DATA SHOWN >>
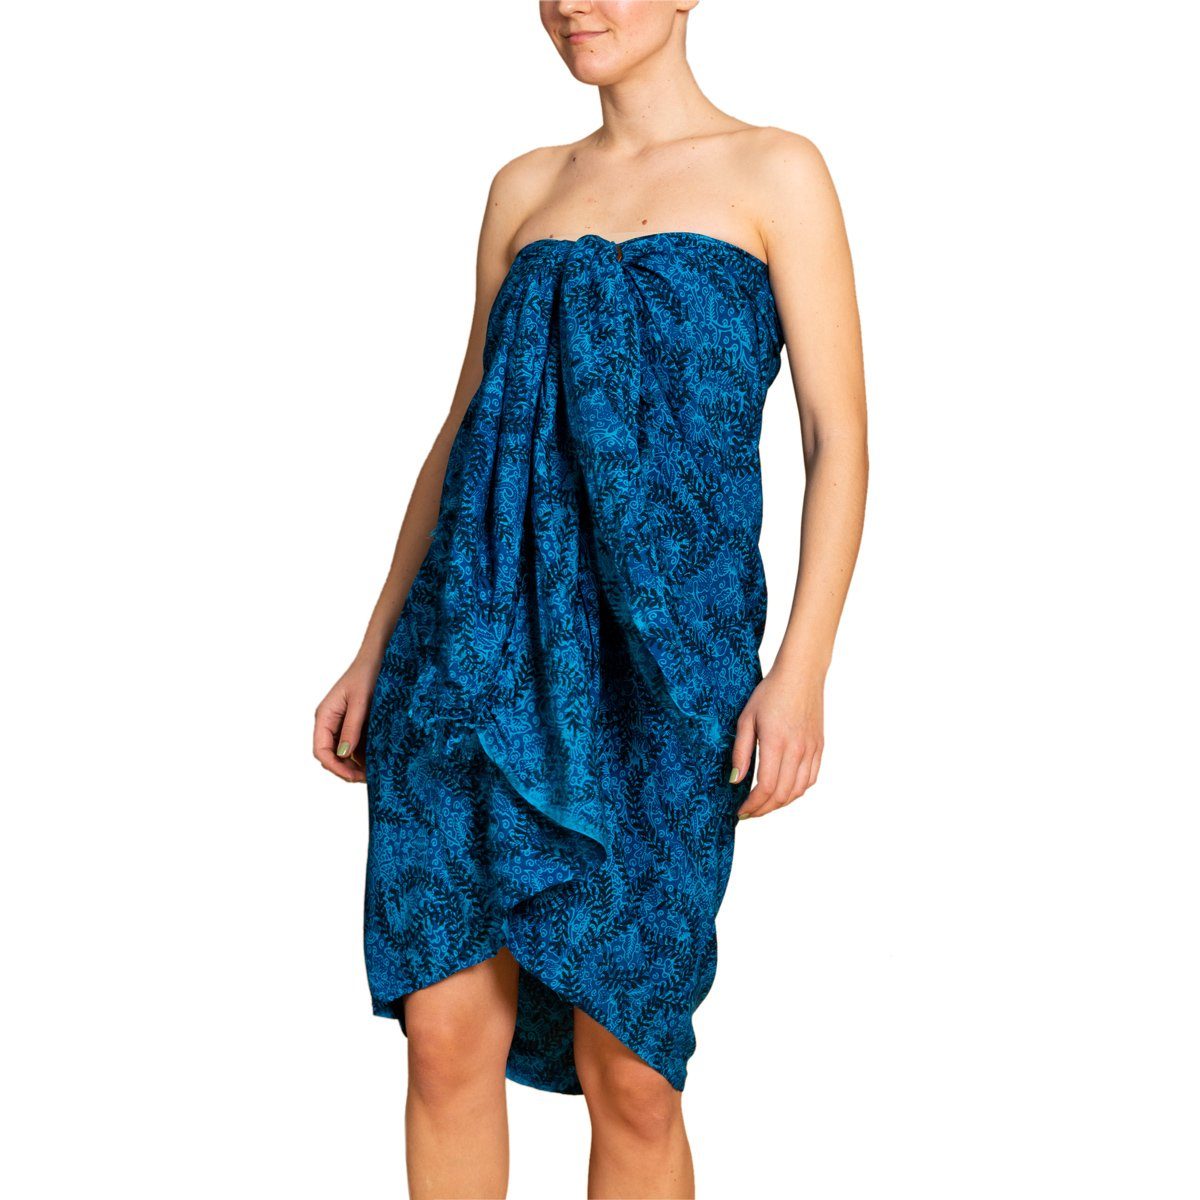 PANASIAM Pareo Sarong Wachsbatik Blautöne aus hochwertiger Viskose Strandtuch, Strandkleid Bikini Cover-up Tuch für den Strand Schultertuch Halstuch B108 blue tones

---

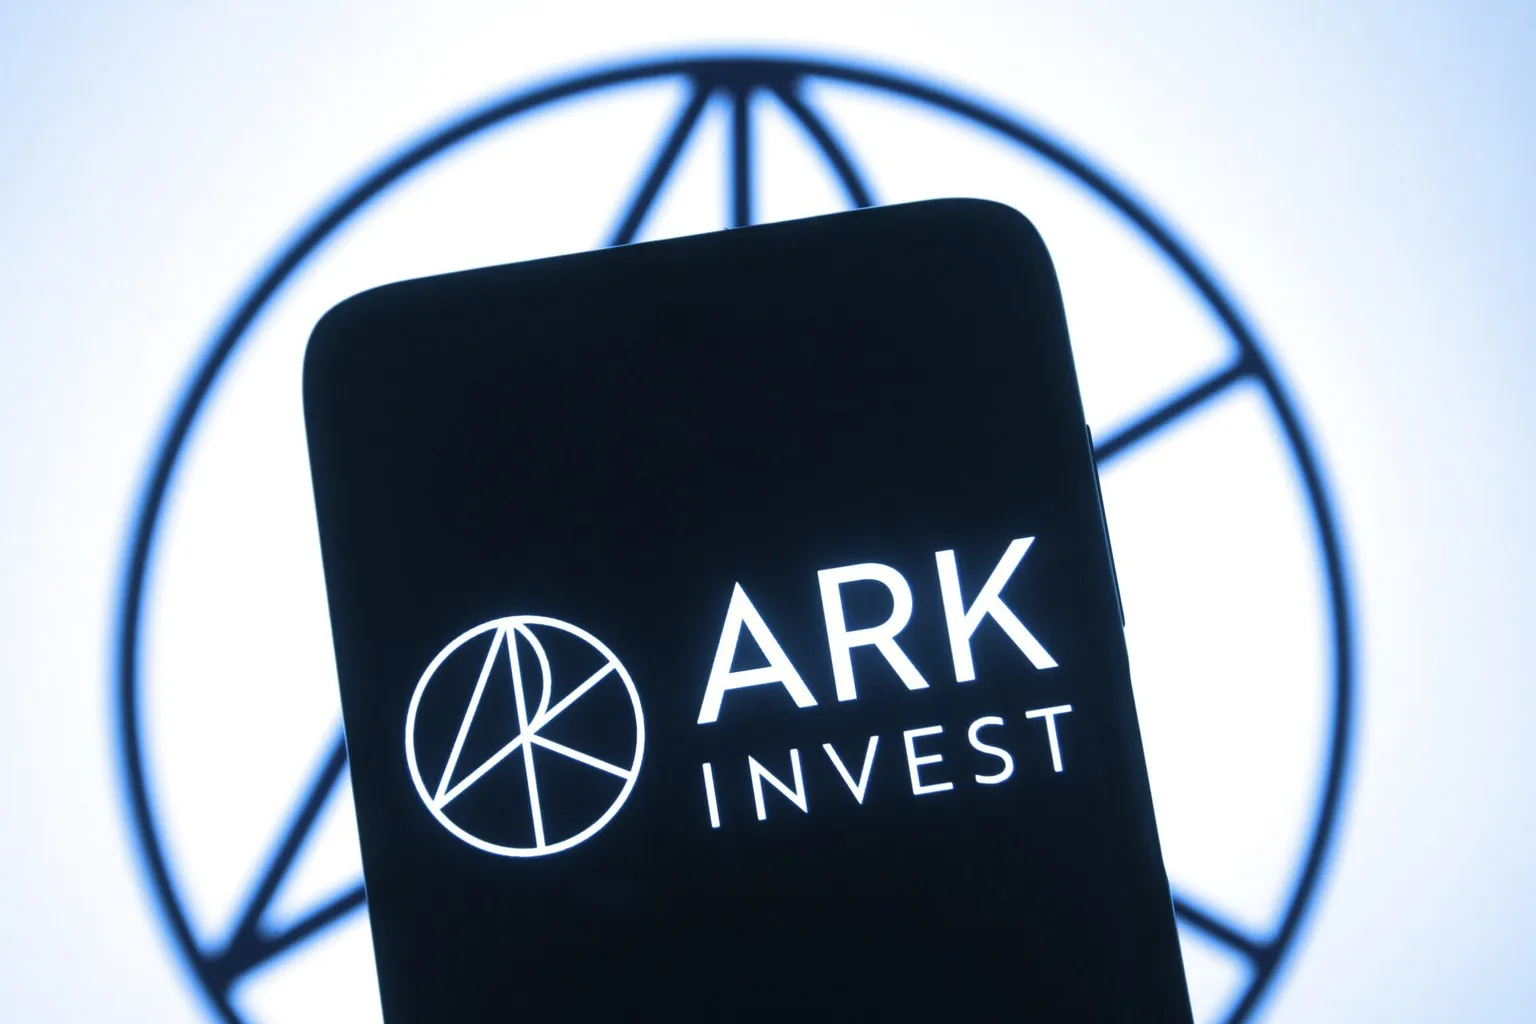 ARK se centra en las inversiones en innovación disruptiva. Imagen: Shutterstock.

==

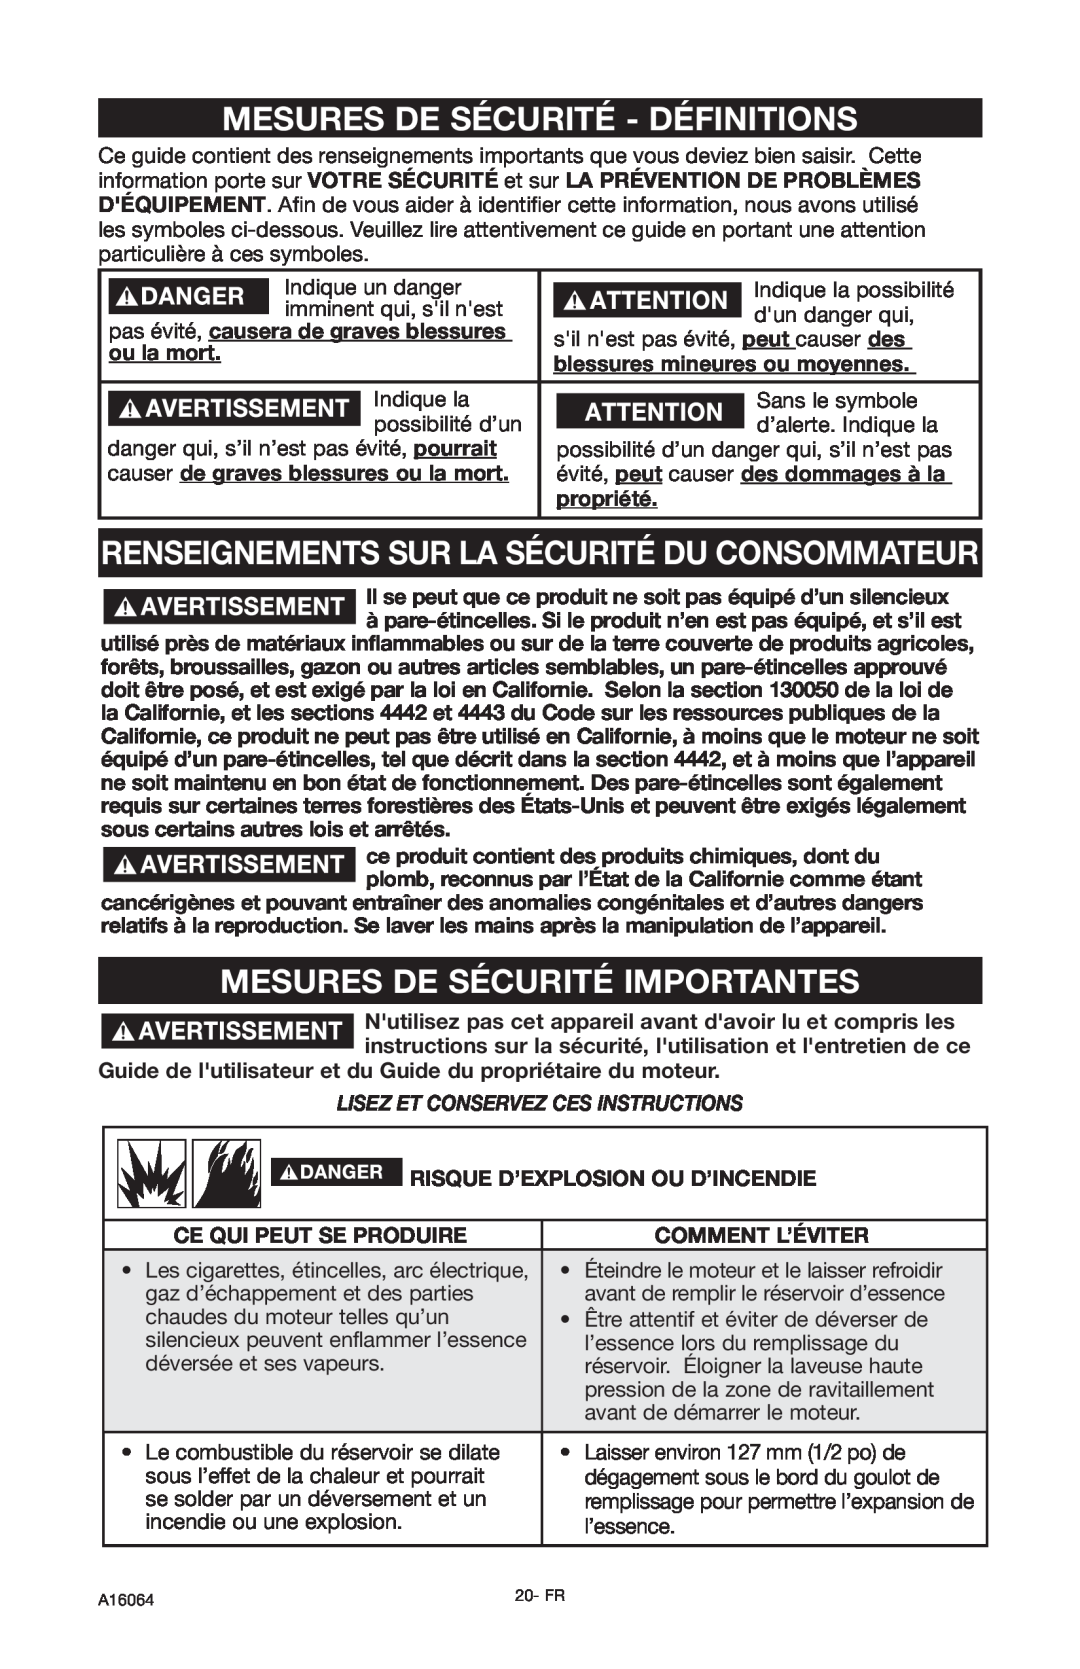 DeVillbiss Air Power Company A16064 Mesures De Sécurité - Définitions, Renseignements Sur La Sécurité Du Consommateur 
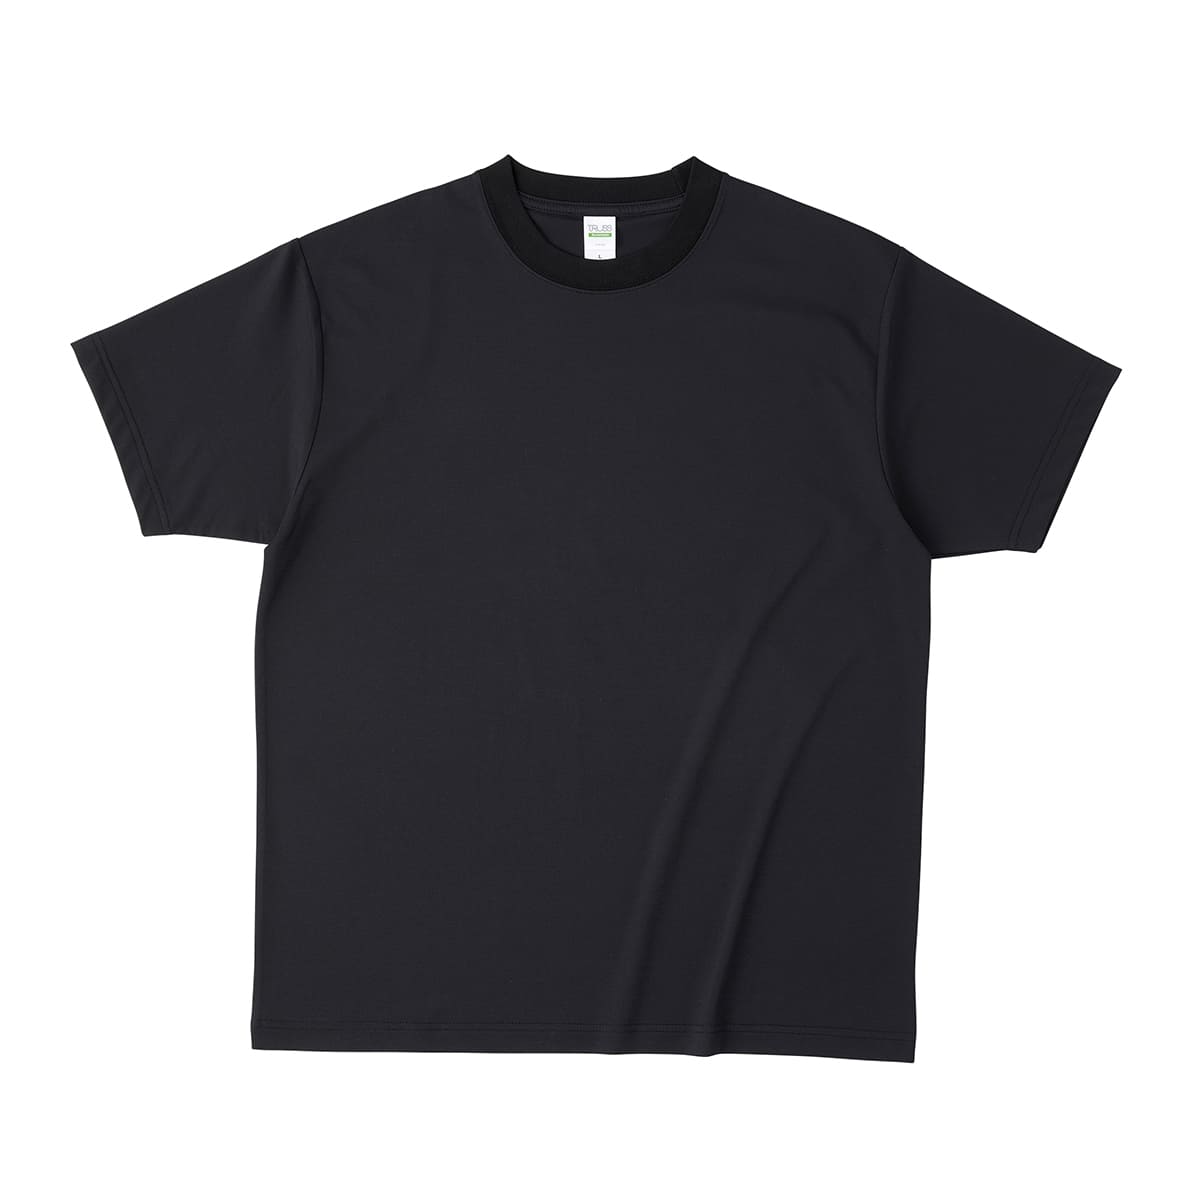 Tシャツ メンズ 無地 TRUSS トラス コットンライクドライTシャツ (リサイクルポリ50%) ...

TASK GOAL >> What you need to produce is an exact copy of the entries above, limited to the lines from the one with "DeVillbiss Air Power" up to and including the one with "Tシャツ メンズ 無地", without pictures.

ANSWER BOX >>
 DeVillbiss Air Power Company A16064 Mesures De Sécurité - Définitions, Renseignements Sur La Sécurité Du Consommateur 
 Tシャツ メンズ 無地 TRUSS トラス コットンライクドライTシャツ (リサイクルポリ50%) ...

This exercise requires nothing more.